There was a suggestion of sub-multiplicativity between haplotype TCAGCTTCGCA (haplotype “B6”) and usual sun exposure ≥ 1 hr/day 10 years before enrollment; however, this was not significant (interaction p-value = 0.07) (Table 5). Among carriers of the TCAGCTTCGCA haplotype, sun exposure was not associated with the odds of breast cancer: The ORs associated with sun exposure ≥ 1 hr/day and sun exposure < 1 hr/day were both 0.6. In contrast, among noncarriers of this haplotype, sun exposure was associated with a 50% decrease in breast cancer odds (OR = 0.5; 95% CI: 0.3, 0.9). Results did not differ substantively between subgroups defined by family history of breast cancer or use of sun protection, or in subanalyses restricted to whites (data not shown).

Discussion

Results from this large, prospective cohort study of women living and/or working on farms suggest that sunlight exposure may be associated with a reduced risk of breast cancer, particularly for ER+ tumors. The timing of sun exposure may be important because exposure 10 years before start of follow-up was negatively associated with breast cancer, whereas sun exposure at the start of follow-up was not, although this difference could be due to other factors such as missing data. There was some evidence that the association between usual sun exposure and risk of breast cancer was modified by one of the 13 haplotypes evaluated.

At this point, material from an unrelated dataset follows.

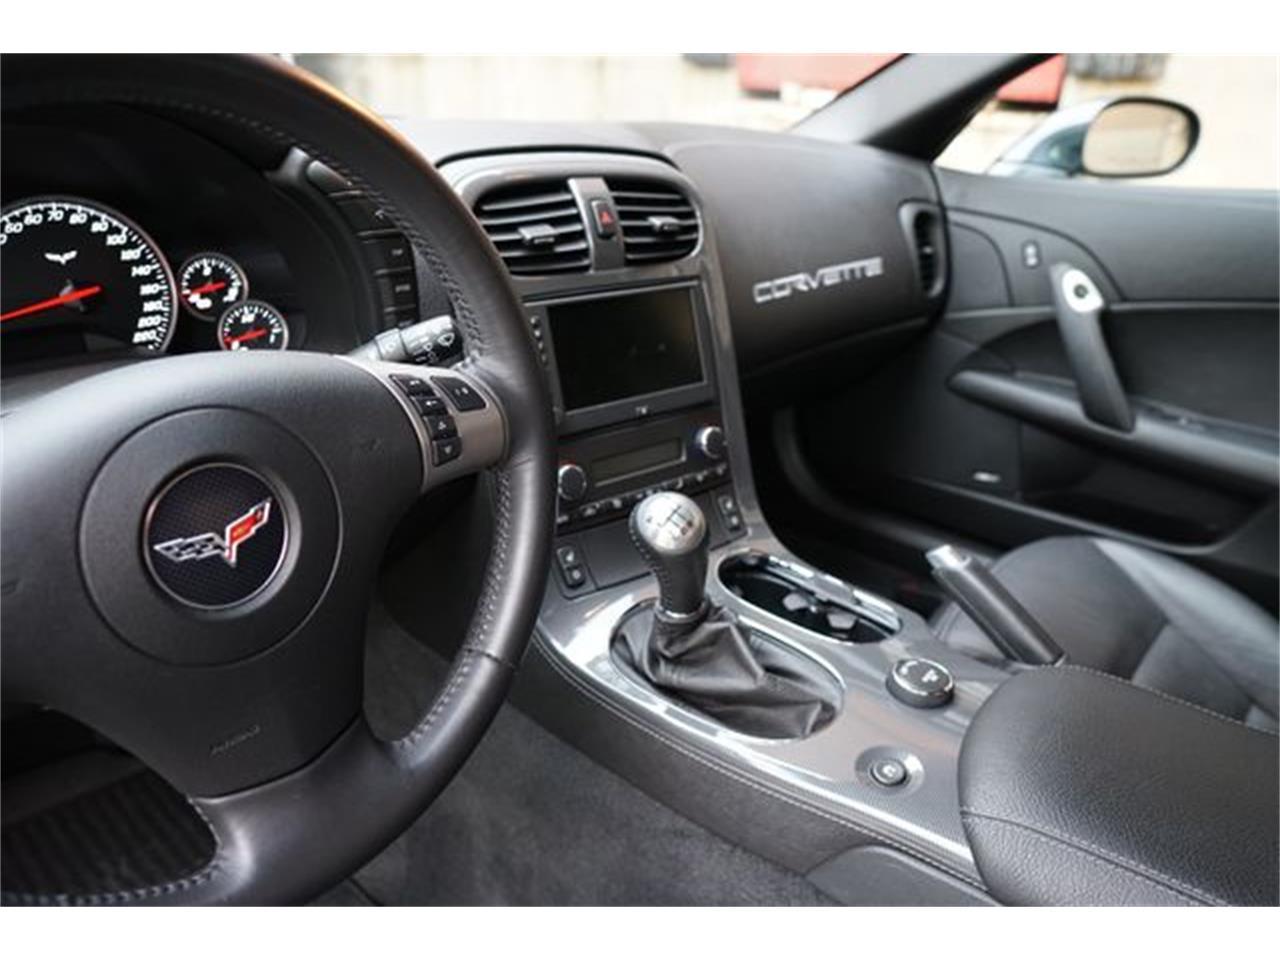 2009 Chevrolet Corvette (CC-1296219) for sale in Aiken, South Carolina

Our findings regarding sunlight exposure and breast cancer risk are consistent with most previous studies on this topic. Negative associations have been observed in both case–control studies (Anderson et al. 2011b; Knight et al. 2007) and cohort studies (Engel et al. 2011; John et al. 1999, 2007; Millen et al. 2009; Yang et al. 2011). Measures of sunlight exposure that have been negatively associated with breast cancer include self-reported time spent outdoors in daylight (Anderson et al. 2011b; John et al. 1999; Knight et al. 2007; Millen et al. 2009) and cumulative sun exposure estimates based on reflectometric measurement of skin pigmentation (John et al. 2007). Extent of sun-seeking vacations and solarium use were negatively associated with breast cancer risk in a cohort of 42,559 Swedish women followed for an average of 14.9 years (Yang et al. 2011) but not in a cohort of 41,811 Norwegian women followed for an average of 8.5 years (Edvardsen et al. 2011). Ecologic studies, while providing weaker evidence, also have been largely consistent in showing a negative correlation between breast cancer risk and potential UV exposure, based on average ground-level solar energy (Garland et al. 1990; Gorham et al. 1990), latitude (Grant 2010), or acid haze (Gorham et al. 1989). The reason for the observed difference in association by timing of exposure in our study is unclear. Some studies have suggested stronger associations at younger ages (Knight et al. 2007; Yang et al. 2011), which would be generally consistent with our findings, although other studies have found similar associations across age groups (Anderson et al. 2011b; John et al. 2007).

We found no evidence of a dose–response relation between self-reported sun exposure ≥ 1 hr/day and breast cancer risk, but the relative risk of breast cancer did appear to be reduced in association with ≥ 1 hr/day of usual sun exposure compared with < 1 hr/day. The exposure distribution in this occupationally exposed population is likely skewed high compared with general population samples in previous studies. However, once individuals achieve a circulating 25(OH)D level of about 40 ng/mL, the effects of additional sun/UV exposure appear to become blunted, with a much lower rate of increase in circulating 25(OH)D per unit of sun exposure (Hollis 2005). Self-reported exposure information reflecting usual behavior over a long time period may be too imprecise to measure incremental reductions in risk from longer durations of sun exposure.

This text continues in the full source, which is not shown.